Start of Source material

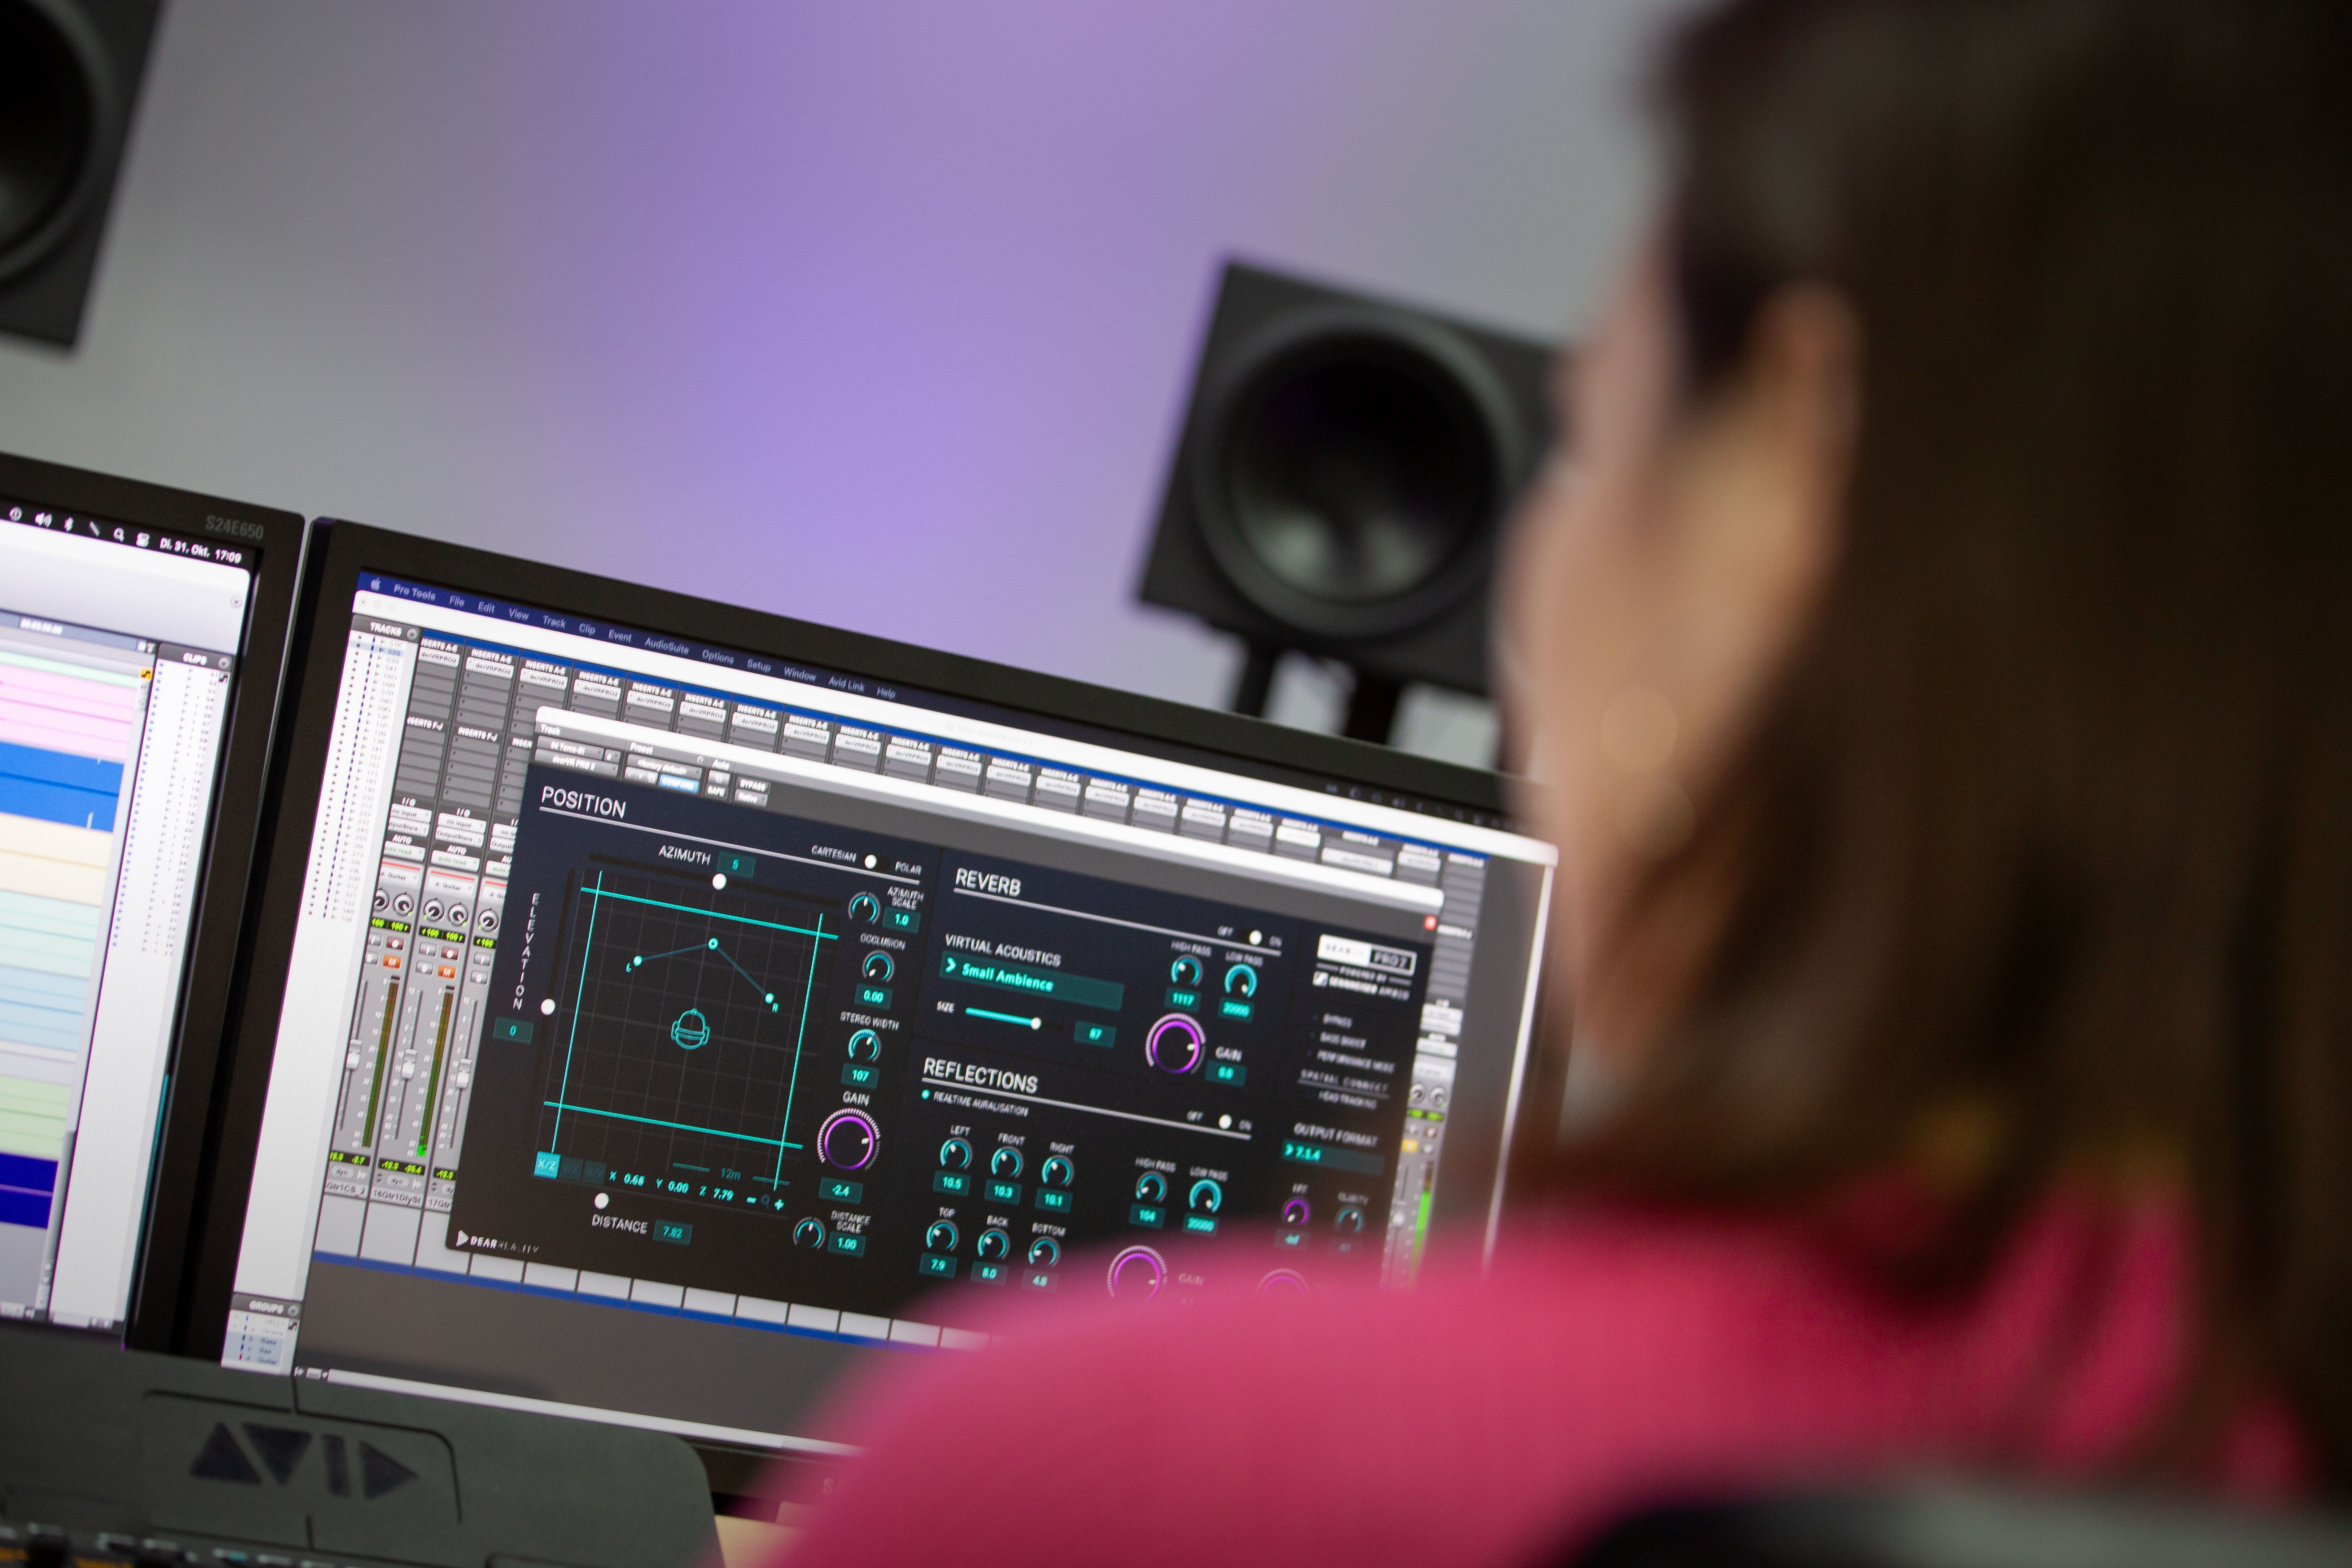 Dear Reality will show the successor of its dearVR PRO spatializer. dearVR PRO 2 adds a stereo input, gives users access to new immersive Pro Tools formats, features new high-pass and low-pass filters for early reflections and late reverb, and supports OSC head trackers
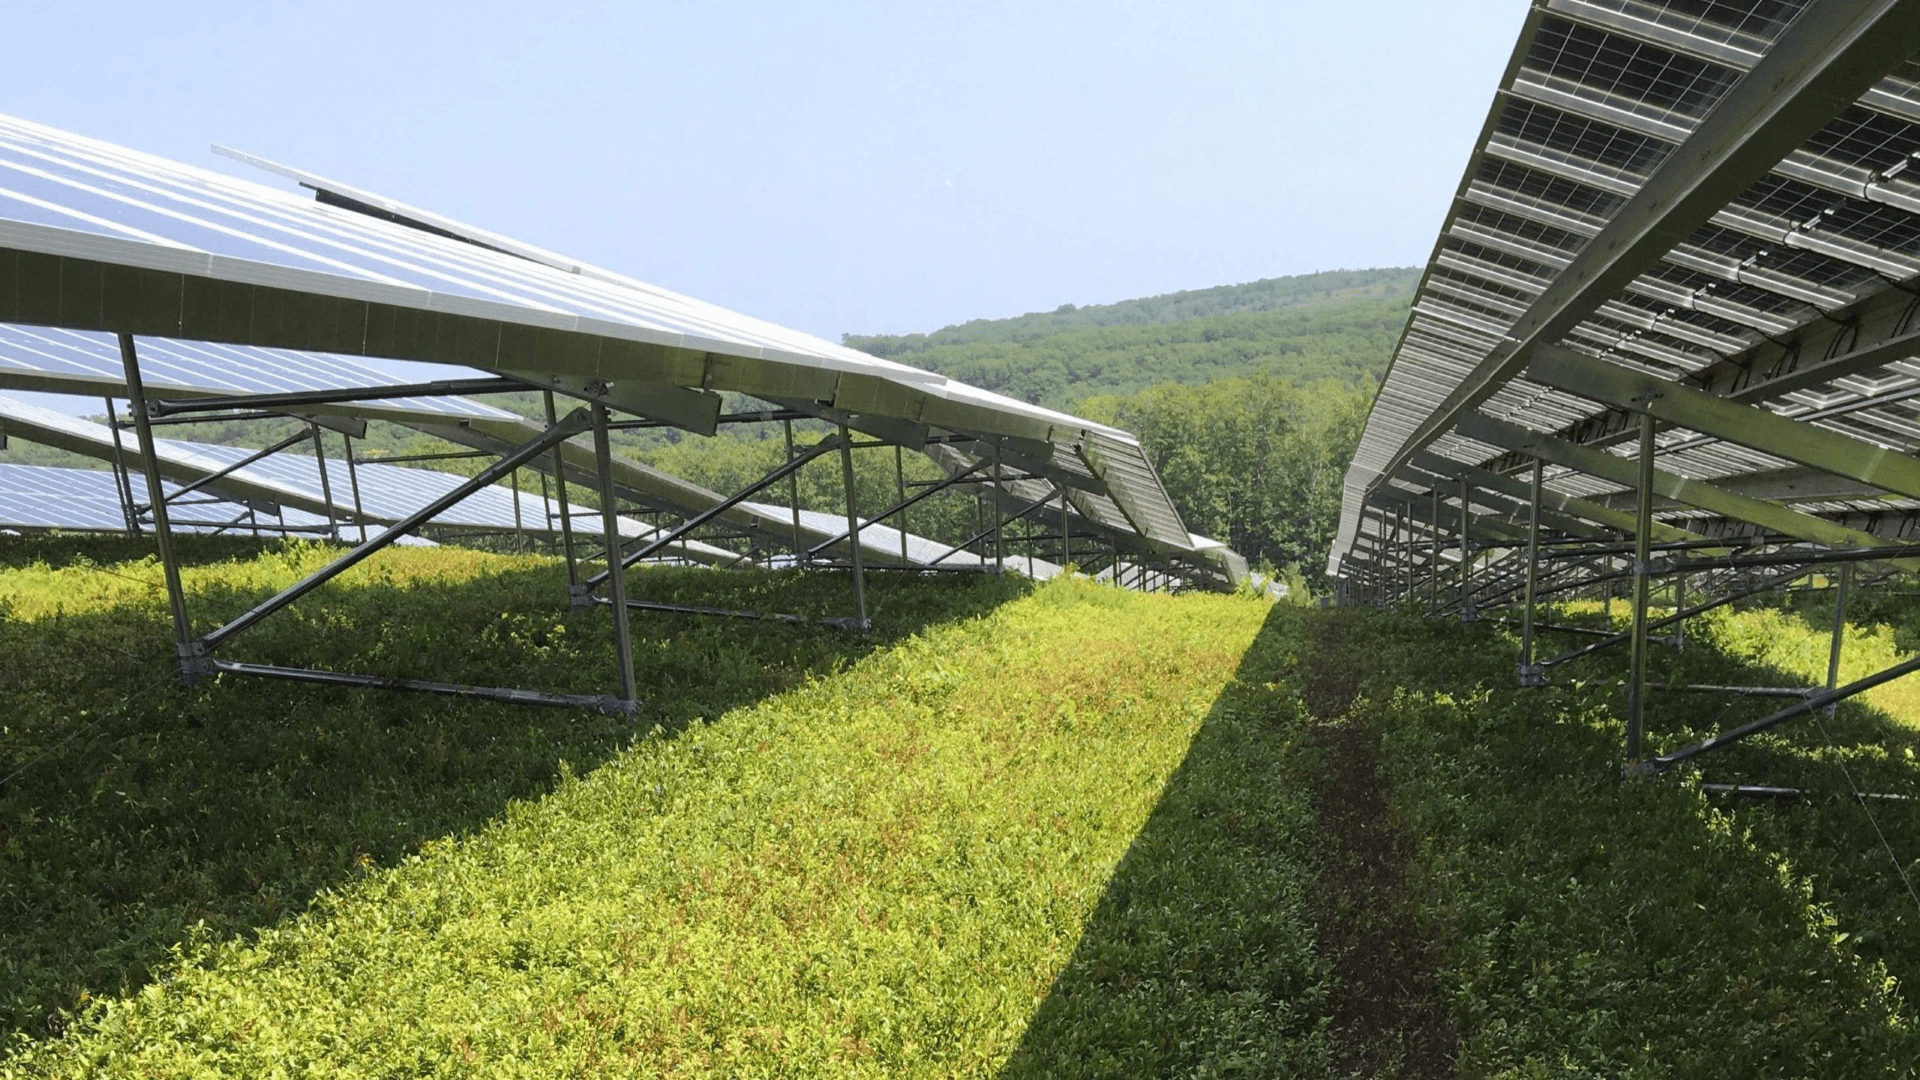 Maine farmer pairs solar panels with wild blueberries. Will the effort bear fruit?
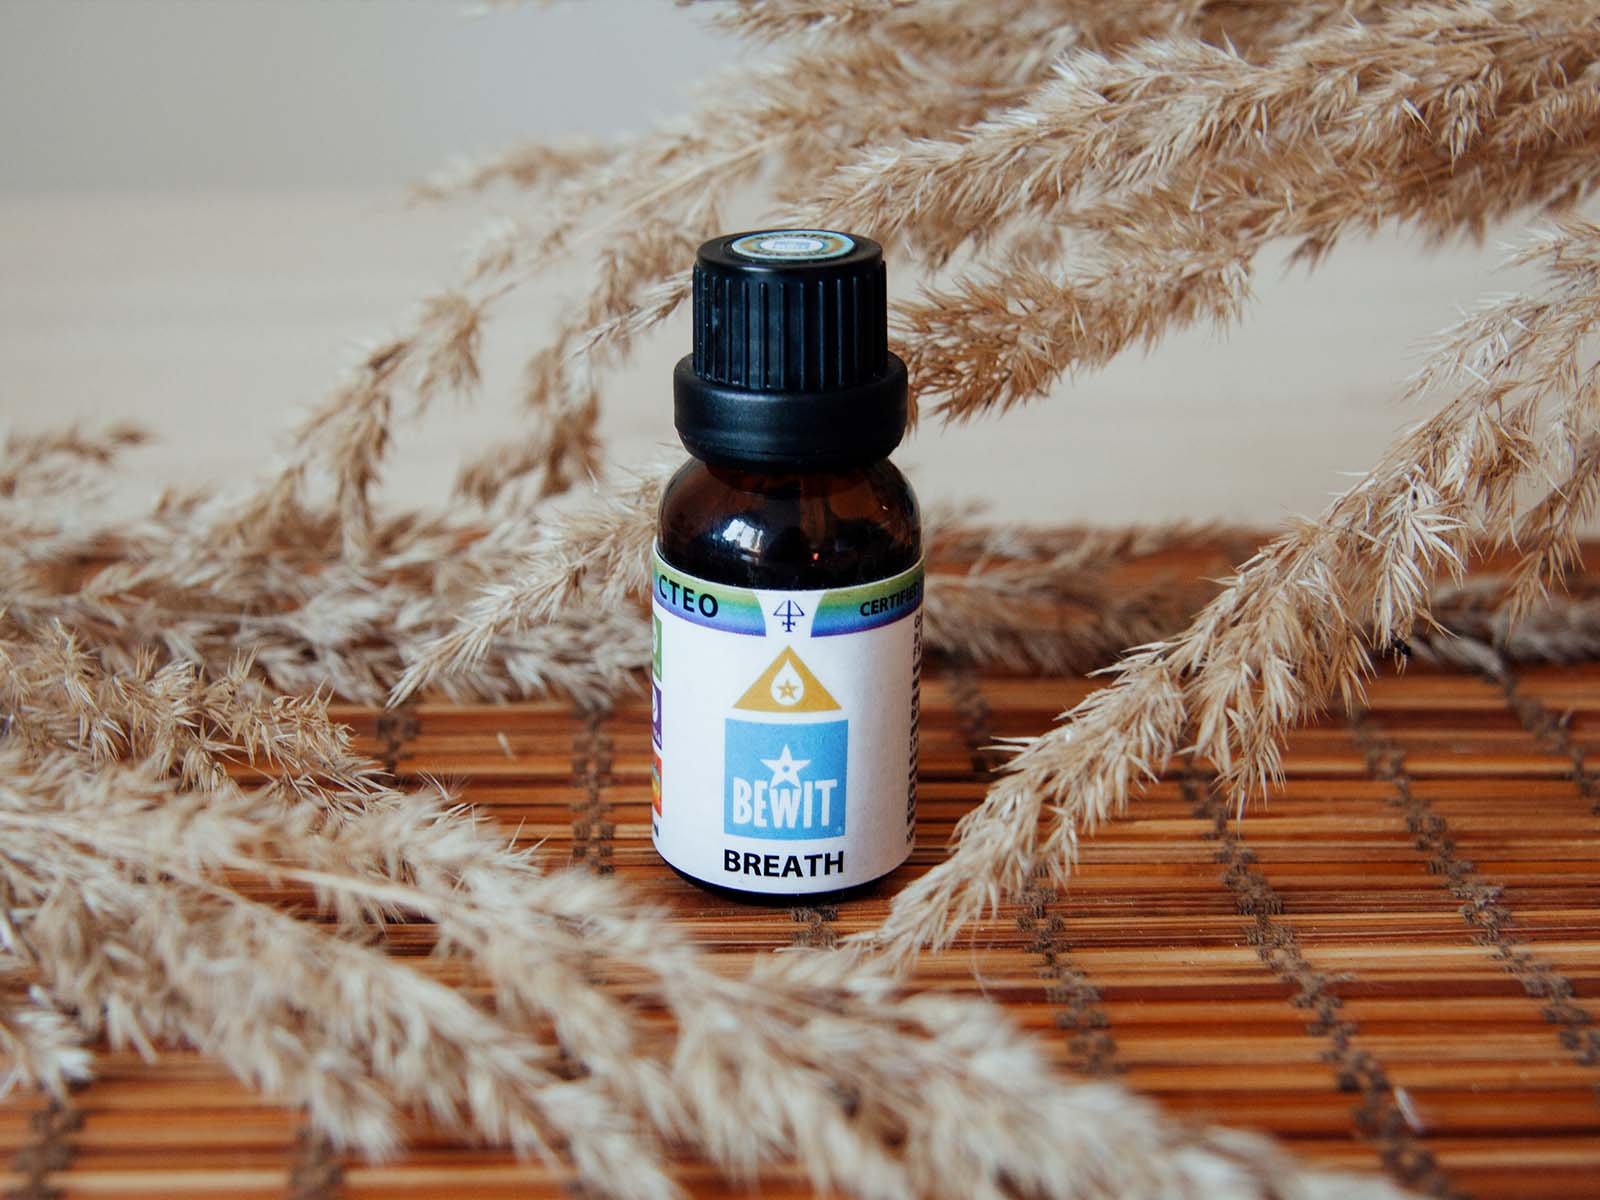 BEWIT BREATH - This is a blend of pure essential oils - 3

End of Source material

→ **Task objective**:
Pictures aside, reproduce all of the data exactly.

→ **Answer space**:
 Dear Reality will show the successor of its dearVR PRO spatializer. dearVR PRO 2 adds a stereo input, gives users access to new immersive Pro Tools formats, features new high-pass and low-pass filters for early reflections and late reverb, and supports OSC head trackers
 Maine farmer pairs solar panels with wild blueberries. Will the effort bear fruit?
 BEWIT BREATH - This is a blend of pure essential oils - 3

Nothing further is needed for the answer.